「先生」
あ、杏子が立ち上がって手を挙げた。
「なんだ、新川」
「体育祭の実行委員会では次の時までに体育祭委員を3人選べって言われます
よね。そしたら私、体育祭委員になります」
緑久保は、気付いたと言うように腰を浮かし
「そうだったな」
と黒板に『体育祭委員』と付け加えた。
「体育祭委員は、浅井たちが今日実行委員会に出ると、次回の実行委員会までに
各クラス体育祭委員を選出して置いてくれって言われるんだ・・・よし、じゃあ、
体育祭委員に新川。
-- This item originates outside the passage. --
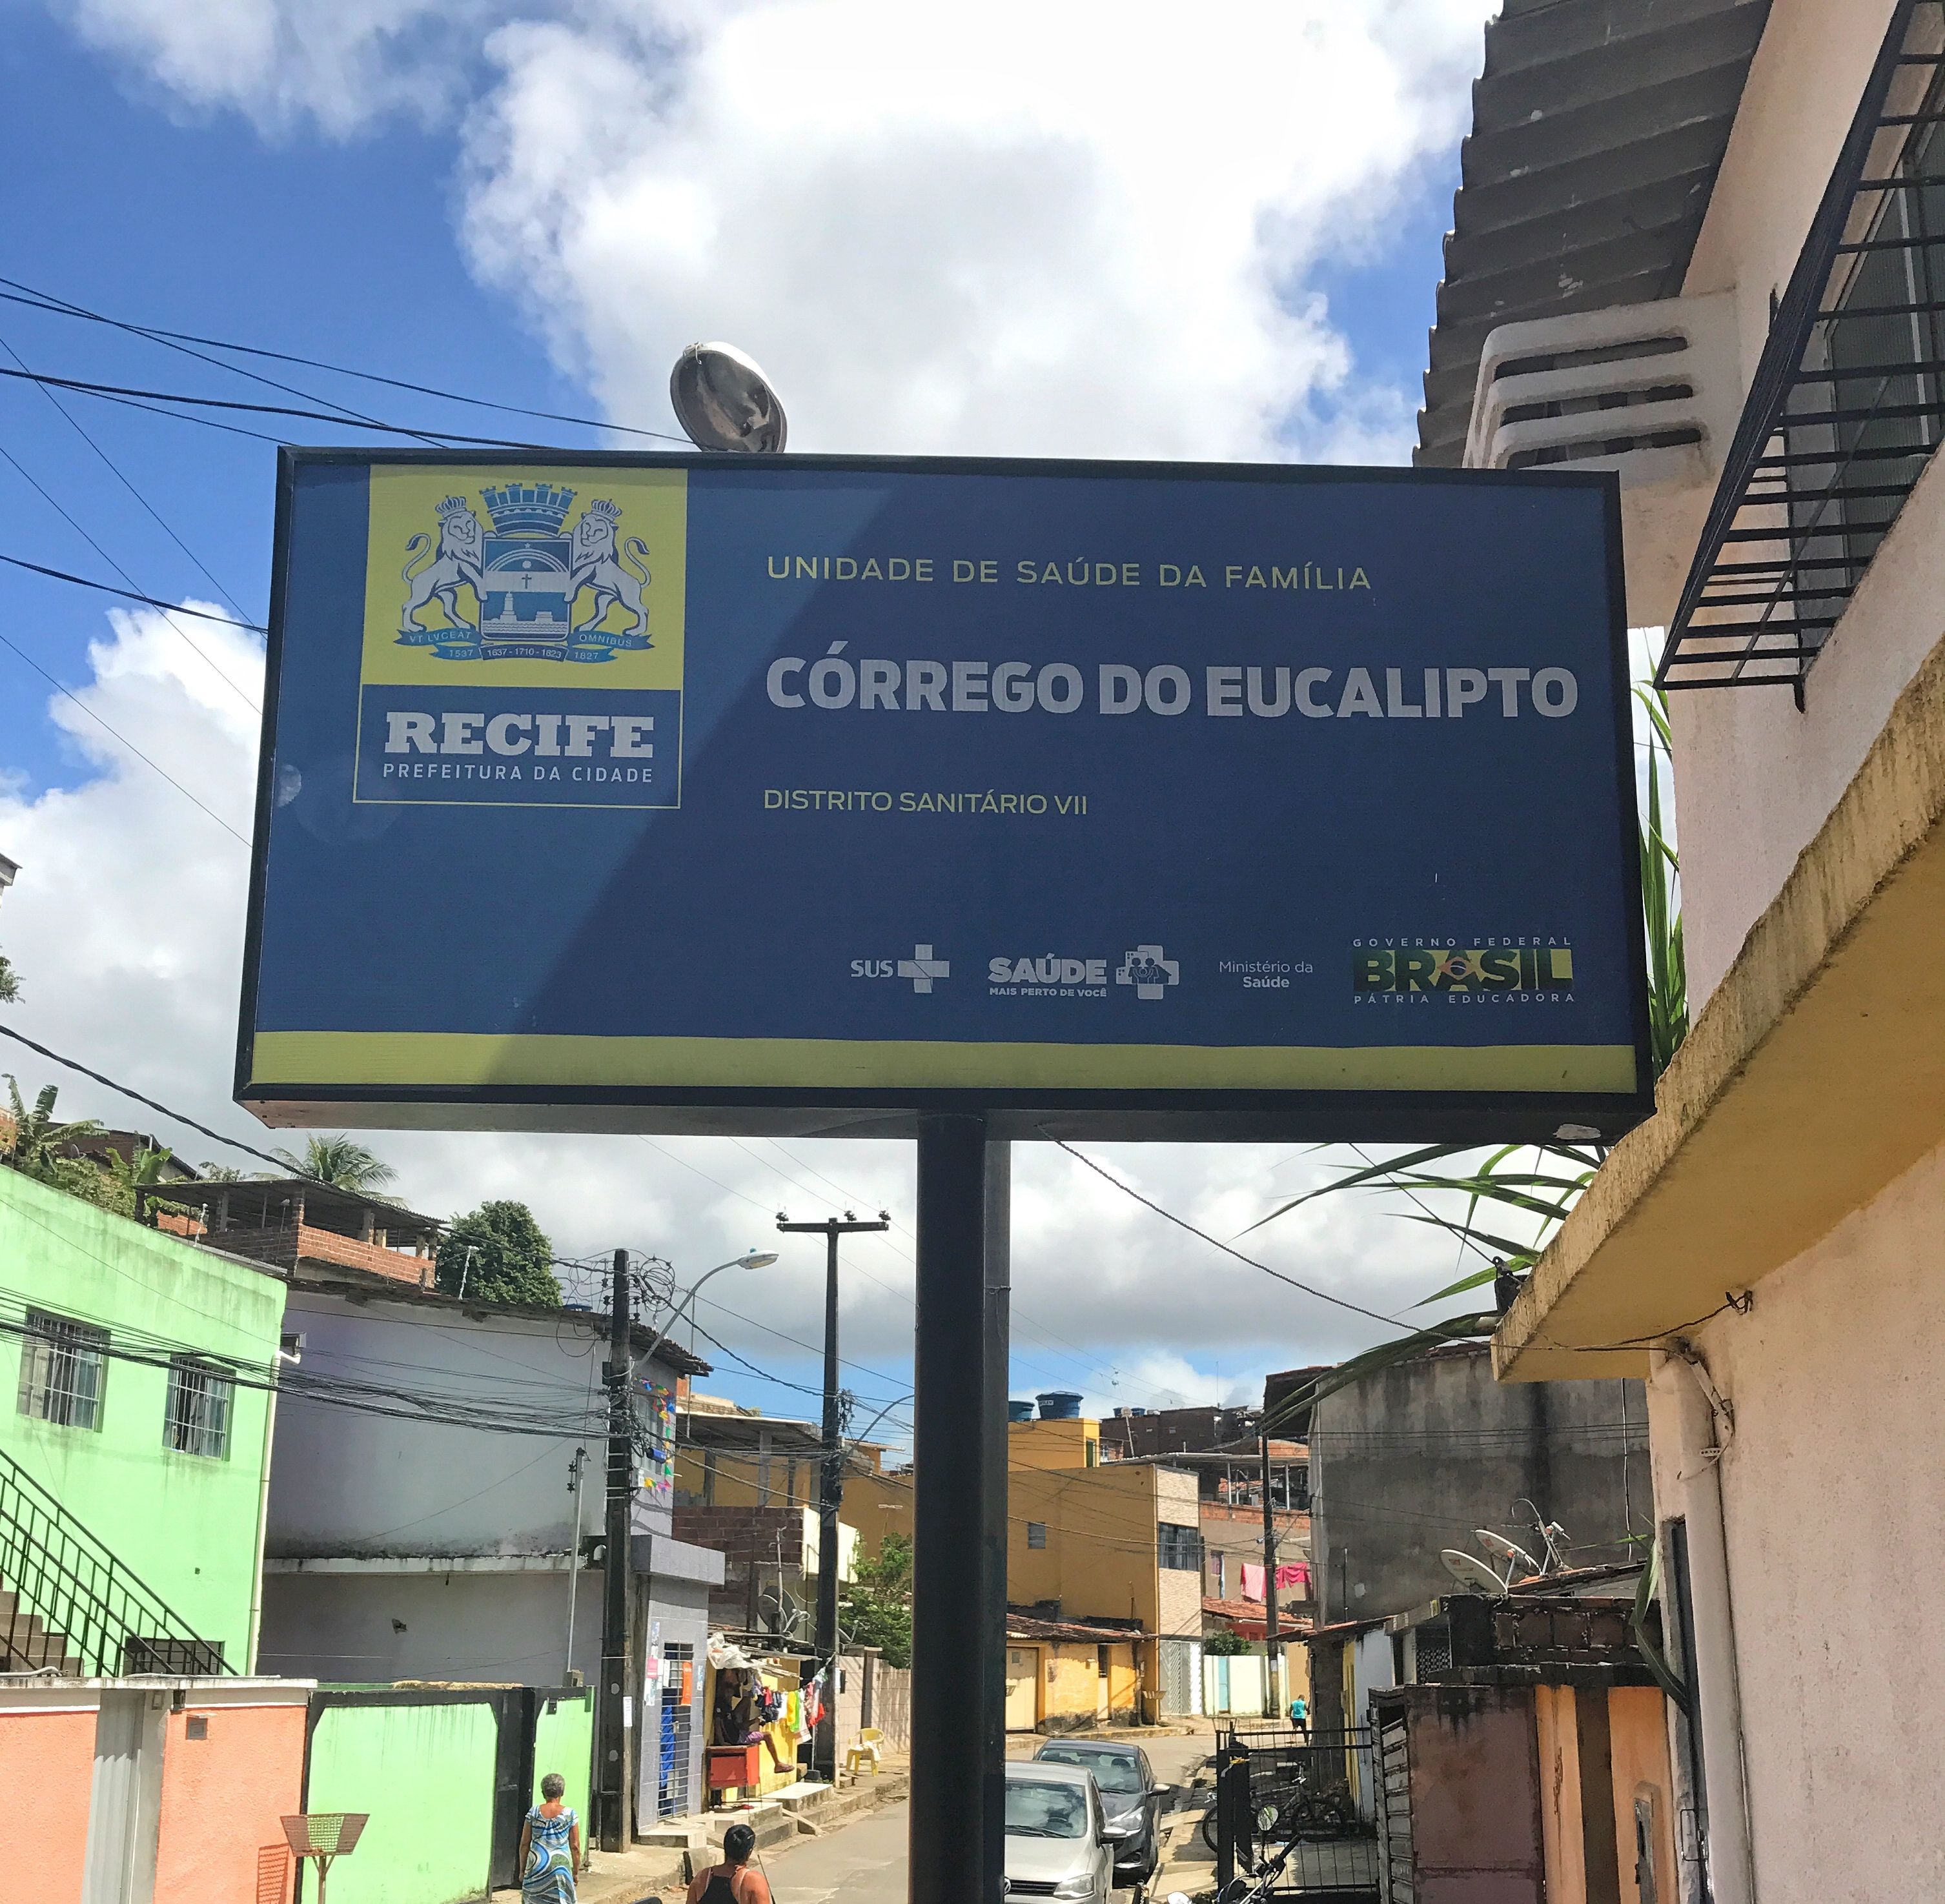 The sign marking the entrance to the Unidade de Saúde da Família (USF) in Córrego do Eucalipto. USFs are the cornerstone of Brazil’s primary healthcare strategy, which is a key component of its free national health system. Image by Poonam Daryani. Brazil, 2017.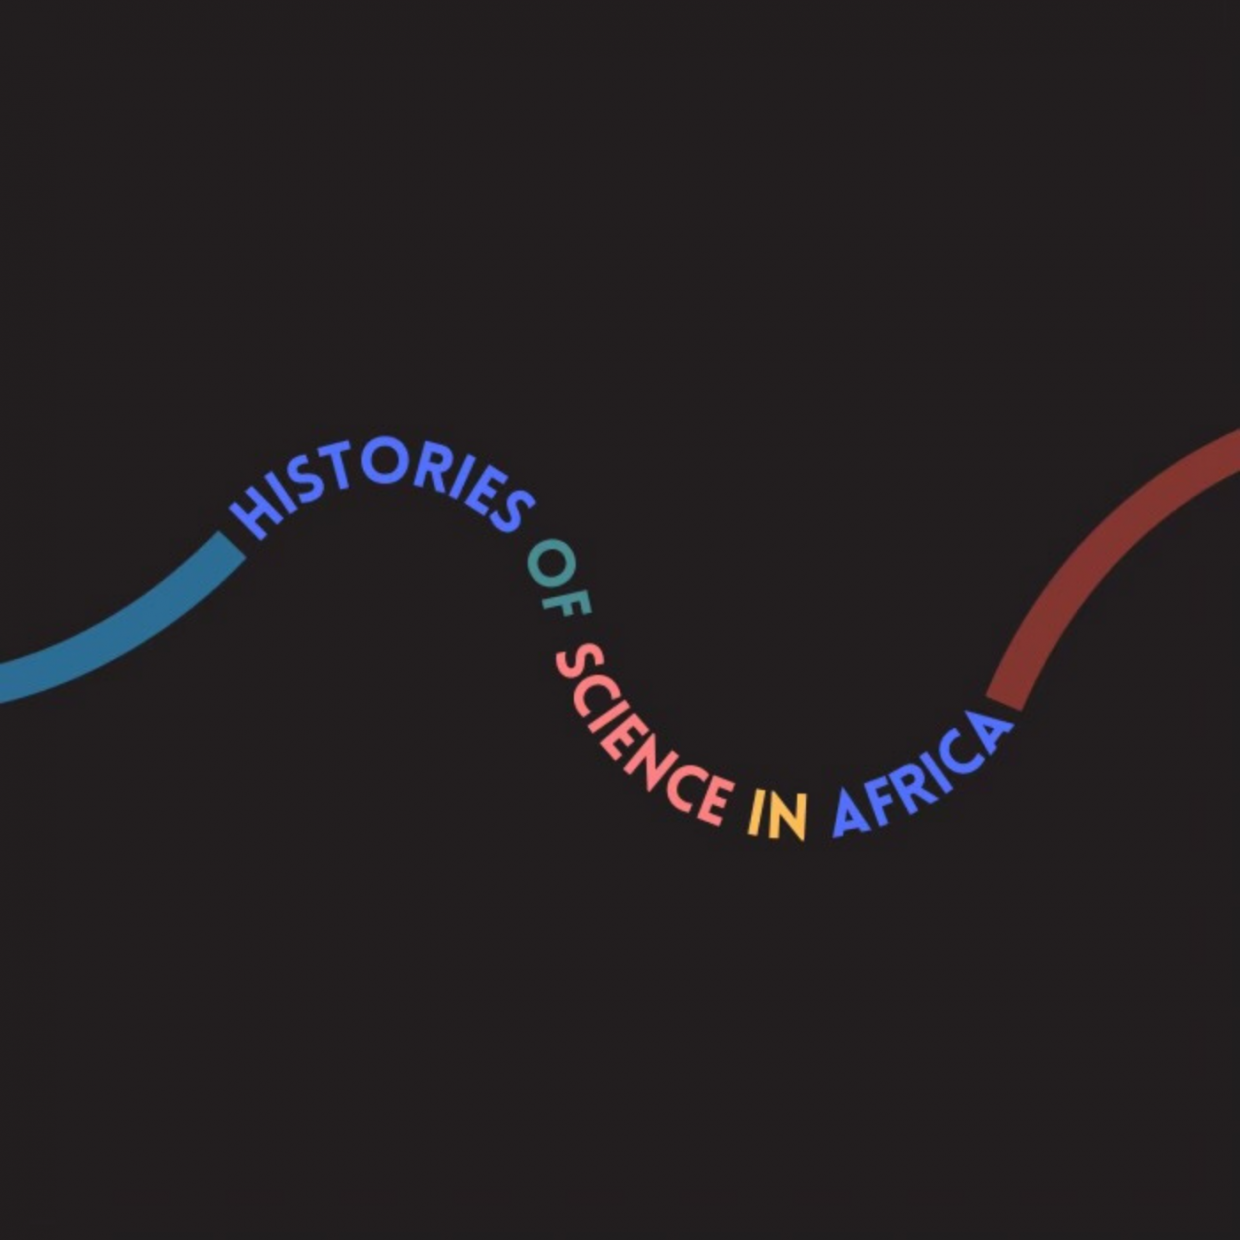 Histories of science in Africa Podcast Logo

新川も11時で帰れる」
そう言うと、体育祭委員の下に『新川』と書いた。
「ああ、浅井たちは・・・・帰る時にそこの机に残りの教科書を並べてあるから
一冊づつ取って行ってくれ」
黒板横にある物置になりそうな机が二つ並んで置いてあり、その上に昨日の
残りの教科書が数冊づつ山になって置いてあった。
杏子、やるじゃん、今日は体育祭委員は決めないと思ったからあとで伝えようと
思ったけど、さすがに以心伝心だ・・・・あらかじめ決めちゃっておけば
余計私たちの仕事も減るってもんだ。
立っているから杏子の顔も見やすい。思わず見ると、杏子もこっちを見て
ニヤッと笑った。
そうなると現金なもので
「じゃあ・・・私も体育祭委員・・・」
「俺は・・・・教科委員やりまあす」
次々に手が上がって決まっていく。緑久保はニコニコしながらその都度、
『上原』『渡辺』と加えて行った。
「いいぞ~俺はこう言うなんでも積極的なクラスを目指してるんだ」
なんだかちょっと違う気もしたが、緑久保は嬉しそうにチョークを動かし、
あっという間に委員は決まってしまった。
まあ、これもタイミングと言うもので、結局名乗りを上げずに委員を免れた者も
居る。
だけど、大学生になったらこんな委員決めなんてもう無いのだ。そうすると
今回を入れてあと2回。
一度は高校のうちにやったっていいだろう。菜桜はノートに各委員の名前を
書いて行った。
これで体育祭の委員会の時は三人一緒に出られるね。
「それじゃ、各委員も決まったことだし・・・・時間あるから教科書は配って
行こう」
緑久保は山になってる教科書を取り、各列の先頭に置いて行った。
「後ろに順々に回して行ってくれ・・・・もし後ろで足りないのが居たら
言ってくれ」
隣のクラスでは大きな声で「じゃんけん~ぽい!」と言う声が聞こえてきた。
どうやらじゃんけんで委員を選ぶらしい。
私たちは教科書も配り、緑久保の「じゃ、解散」の声に一斉に椅子をガタガタ
言わせて立ち上がった。
「明日から授業があるからな」の追加の声に「うえ~」って声が上がったけど、
それでも今日は終わりだ。みんな足取り軽く教室を出て行った。